**Recorded data:**
- - - - -
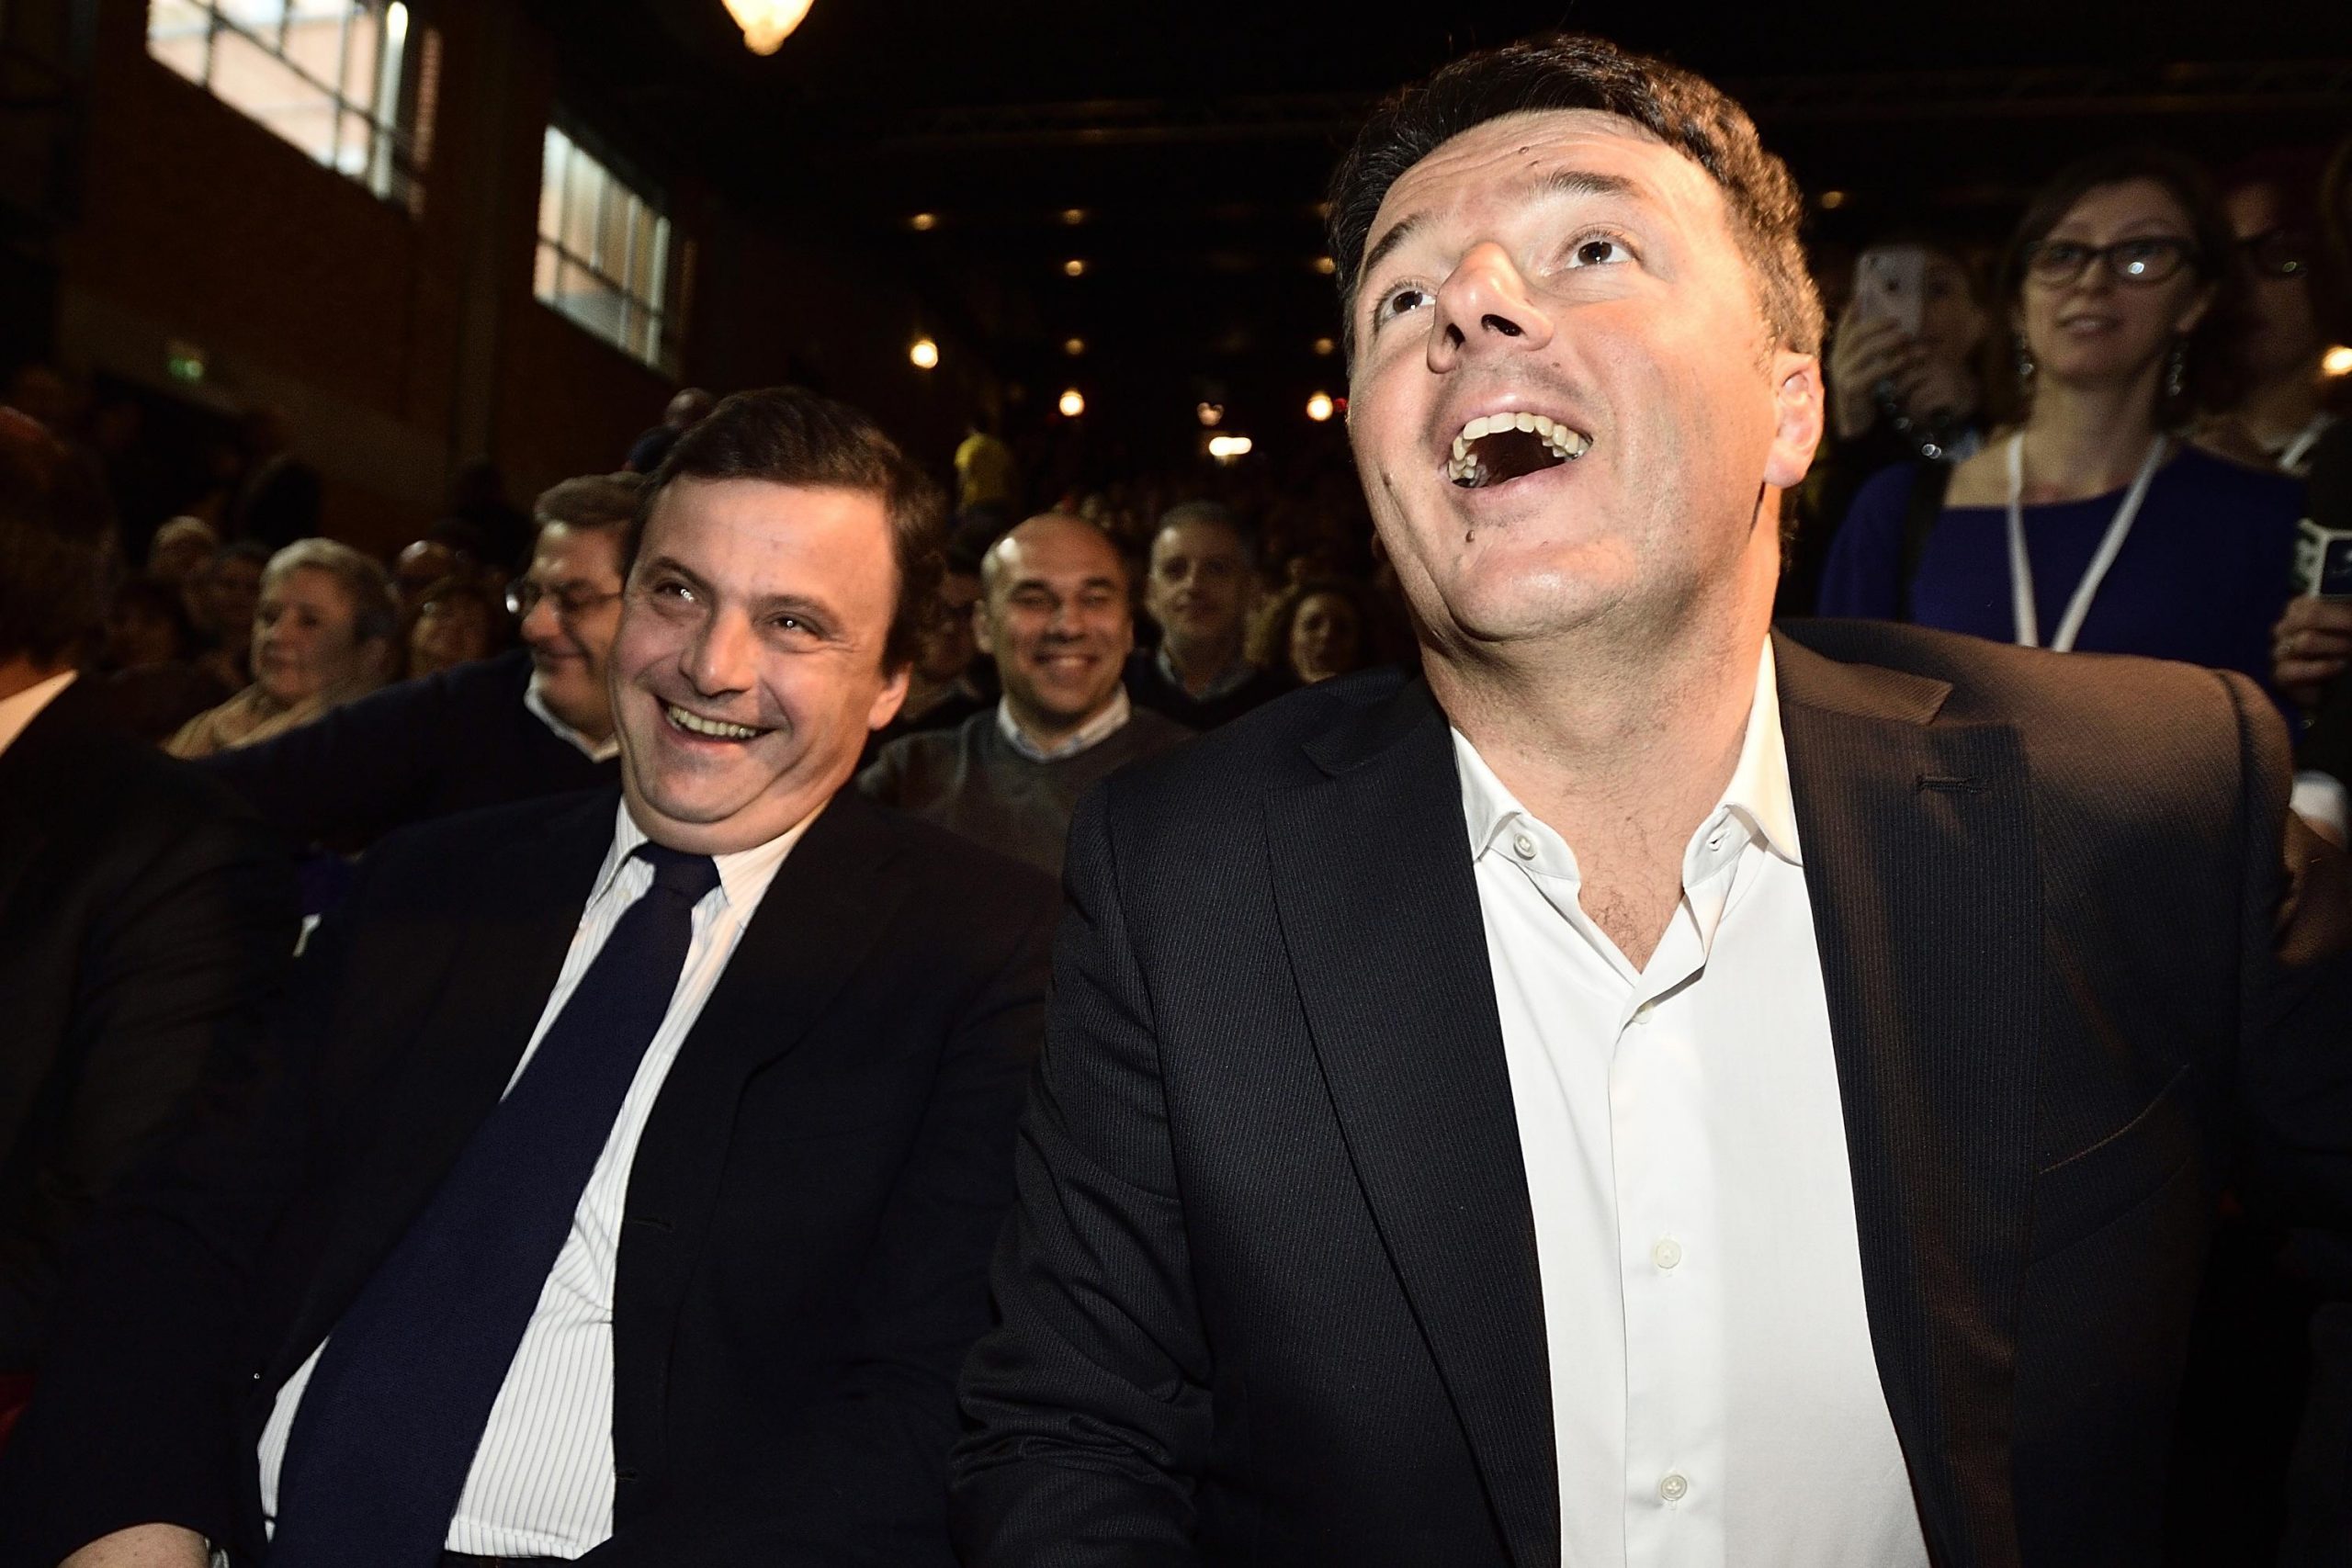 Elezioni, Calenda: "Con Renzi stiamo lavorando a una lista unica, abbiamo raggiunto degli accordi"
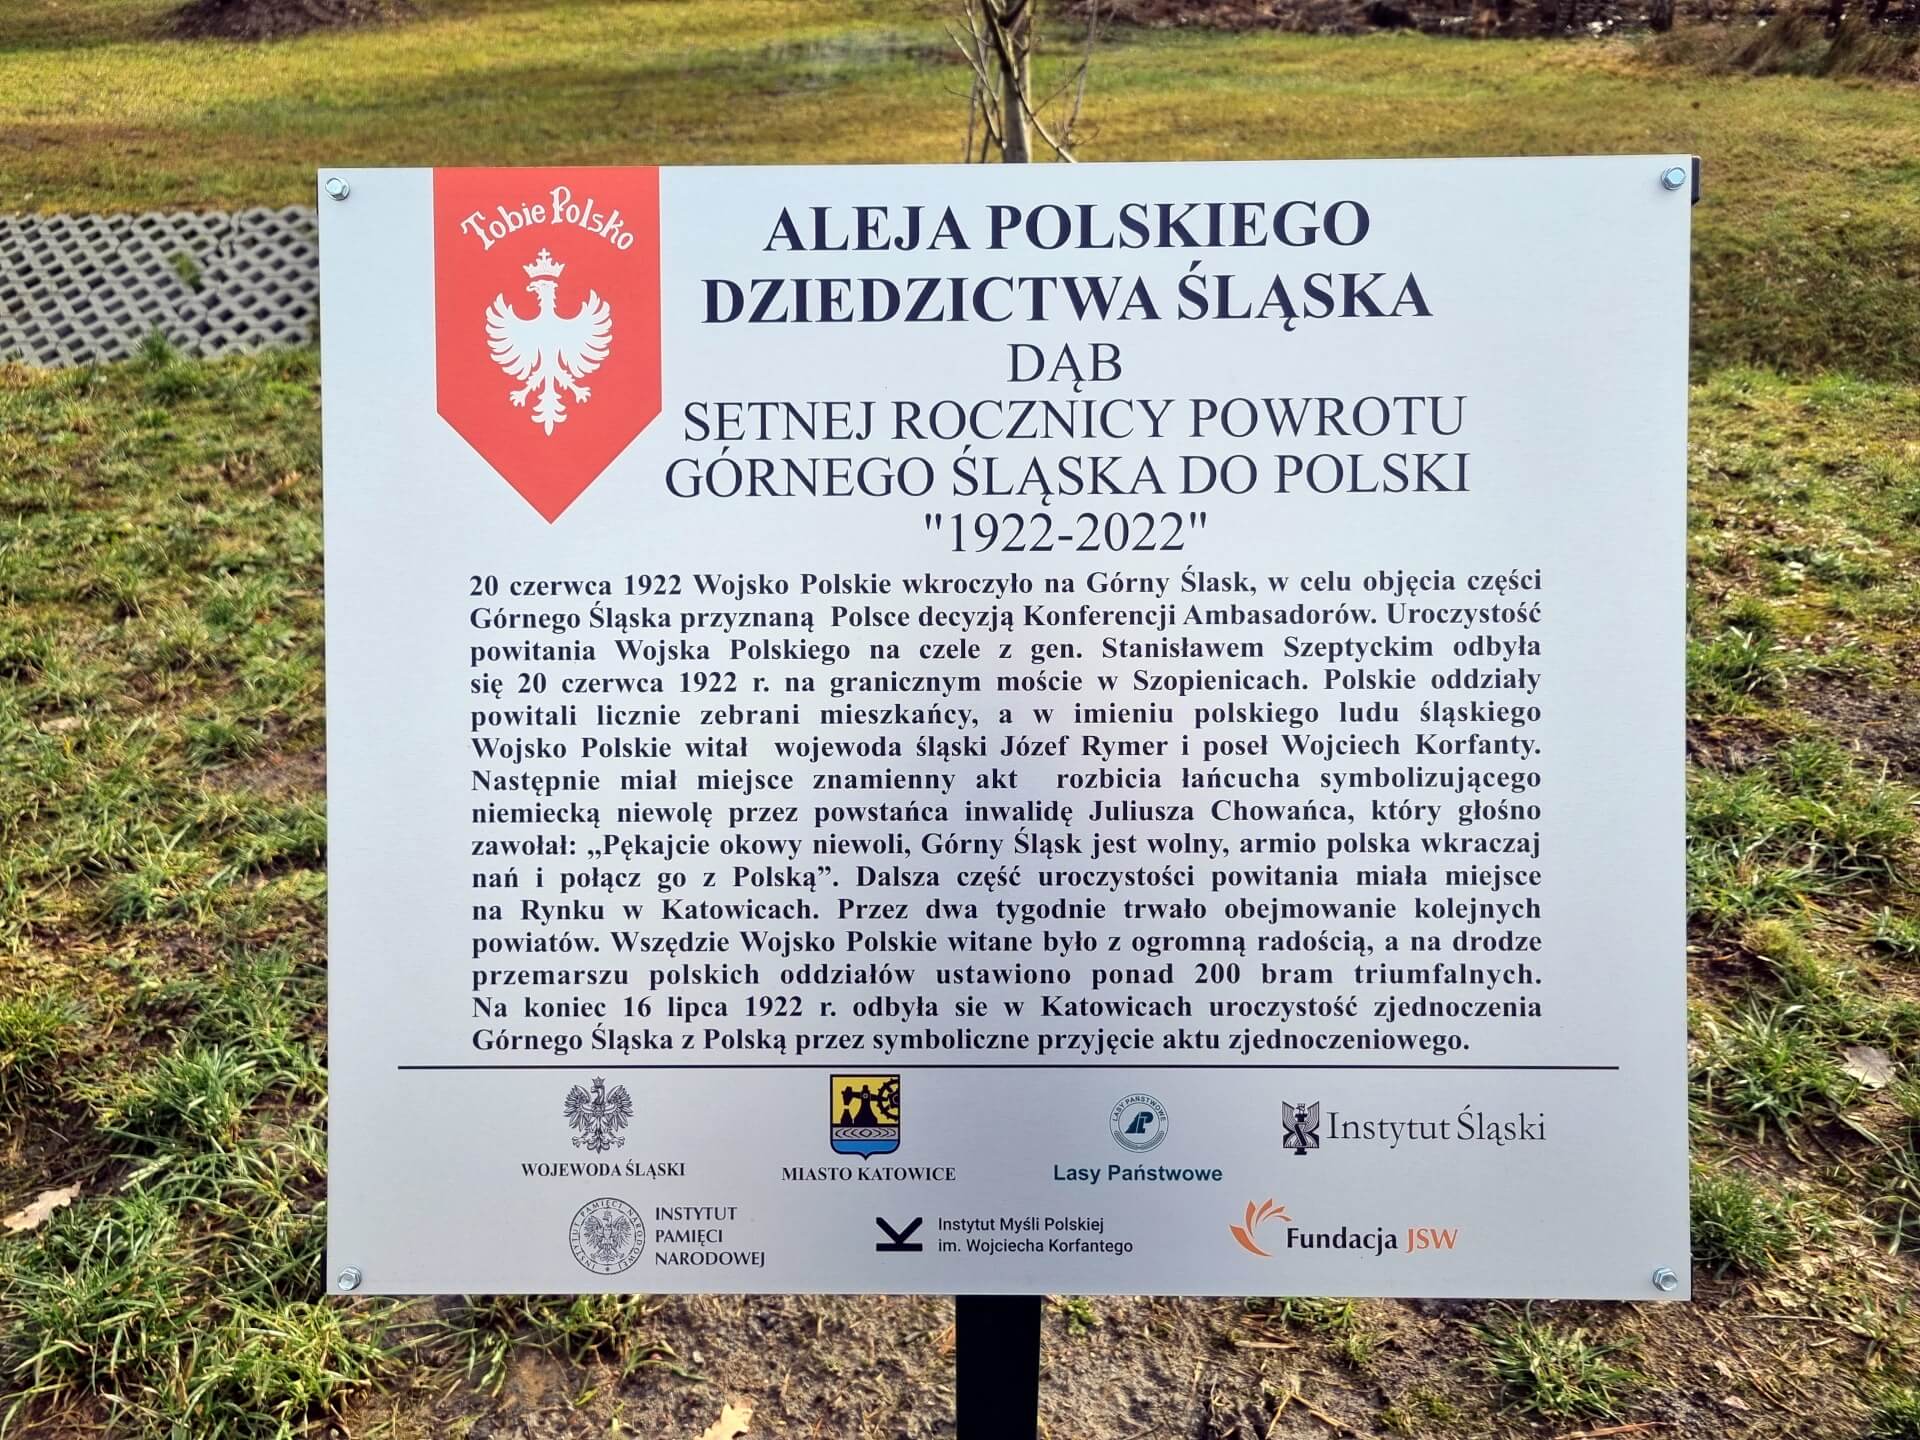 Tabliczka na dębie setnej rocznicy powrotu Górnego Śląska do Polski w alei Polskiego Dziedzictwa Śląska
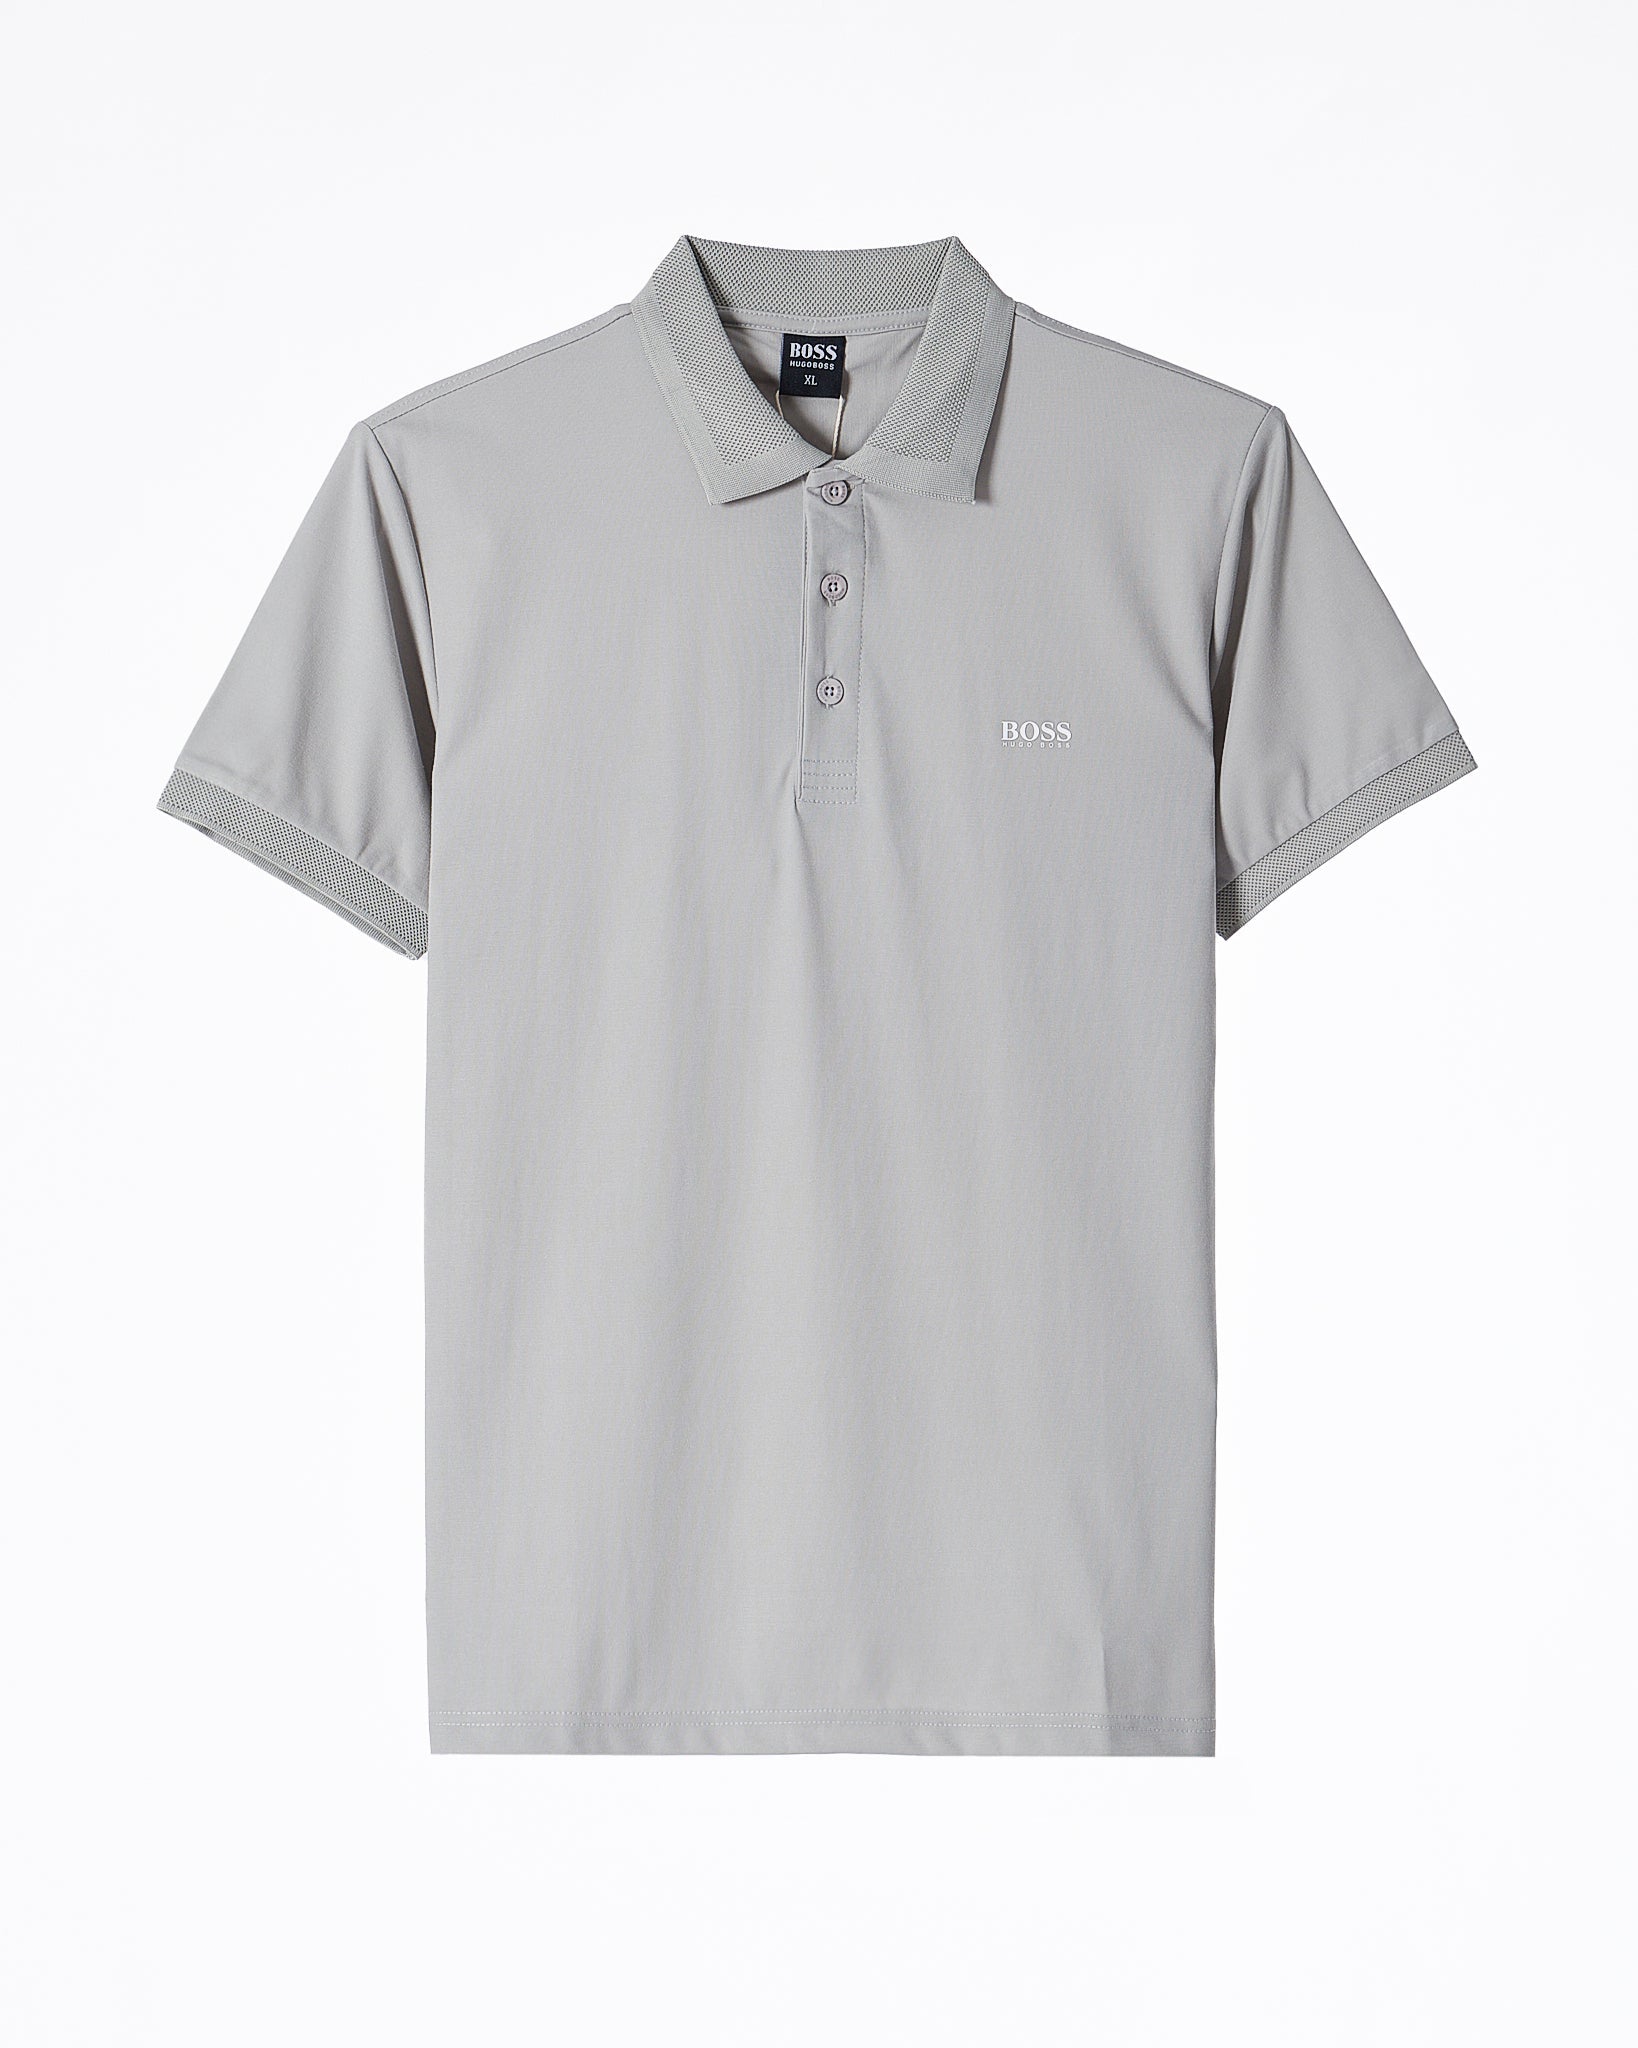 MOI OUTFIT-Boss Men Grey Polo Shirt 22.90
- - - - -
**What needs to be done:**
Print the listing exactly, pictures excluded.

**Answer:**
 Elezioni, Calenda: "Con Renzi stiamo lavorando a una lista unica, abbiamo raggiunto degli accordi"
 Tabliczka na dębie setnej rocznicy powrotu Górnego Śląska do Polski w alei Polskiego Dziedzictwa Śląska
 MOI OUTFIT-Boss Men Grey Polo Shirt 22.90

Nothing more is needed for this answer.